The October Horrorshow Giant Monstershow continues on with a putrid mess of a movie. From 1975, The Giant Spider Invasion comes to us via screenwriters Robert Easton and Richard L. Huff (who also produced). Bill Rebane handled the directing. According to the internet, so it must be true, this stupid movie, despite its low budget and general incompetence, was a moneymaker for Huff and company. How a movie this bad, starring a disguised Volkswagen as a giant spider, ended up being profitable is beyond me. It feels something of a crime against the art of film that this movie found success.

Filmed on location in rural Wisconsin, The Giant Spider Invasion follows the events that afflict a community after a meteorite lands in a farm field. The meteorite carries with it spiders from space who are ready to take over the world. That’s a silly idea and is in keeping with what one expects from giant monster flicks. It’s in the execution that makes this film fail, whereas something like Beginning of the End is good for much mirth.

The film stars a litany of Hollywood film and television also-rans. Steve Brodie and Barbara Hale play Drs. J.R Vance and Jenny Langer. They are in the film as the resident experts who provide scientific exposition. With any luck, they will also provide a solution to all the nasty spiders running around.

These two are joined by Alan Hale, Jr as the local sheriff, Easton as an adulterous, trashy farmer, and Leslie Parrish as his drunken wife. These three cast members send this movie over the top in shittiness. In a movie that crawls very slowly along, these nonsense characters and the people who portray them provide the only signs The Giant Spider Invasionof life. This flick is a slog, and while Hale’s character’s lame jokes or Easton’s hurled abuse don’t make the journey that much easier, it’s still better than spending yet more lab time with Vance and Langer.

This movie is so somnambulistic that viewers will have a difficult time staying engaged. That’s not our fault, of course. It’s this shitty movie’s. Being low rent isn’t a sin in film. Great films have been made with bad film stock, cheap lenses, and muddled sound. This ain’t one of them.

The film climaxes with the giant spider promised by the title. And I was not exaggerating. It really is a Volkswagen. The filmmakers covered it with spider fur and attached some gigantic puppet arms for it to reach its victims. As bad as it looks, it could look worse. That’s because surviving prints of this dog are worn out and dark. It’s almost impossible to make out any detail in this film when natural light was used. It’s an almost impenetrable mud. I would like to think that age and lack of care is the only culprit, but I just can’t let cinematographer Jack Willoughby off the hook. His film looks bad.

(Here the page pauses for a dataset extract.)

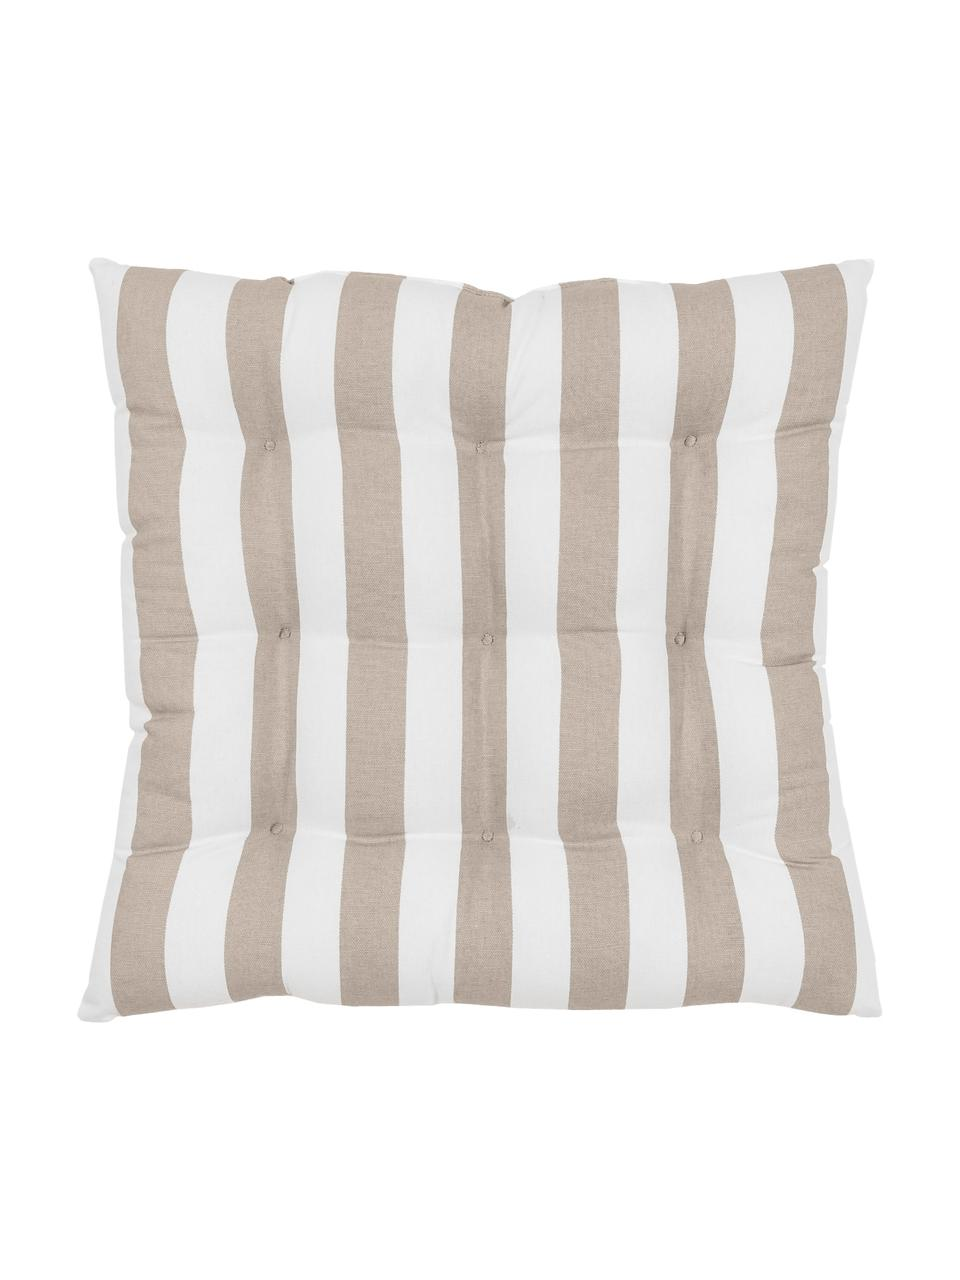 Cuscino sedia a righe taupe/bianco Timon, Rivestimento: 100% cotone, Taupe, bianco, Larg. 40 x Lung. 40 cm

There really isn’t much to recommend this film. It’s a 1950s-style monster flick that came a couple of decades late. It embraces all the cheapness of something Bert I. Gordon or Ray Kellogg would have made, only it’s even more inept. That’s quite a feat. The result is removing the last bit of watchability from a tired idea. The Giant Spider Invasion is not only a far worse film than Alien: Resurrection, it’s so bad that I wish I had found something else for this slot in the Giant Monstershow.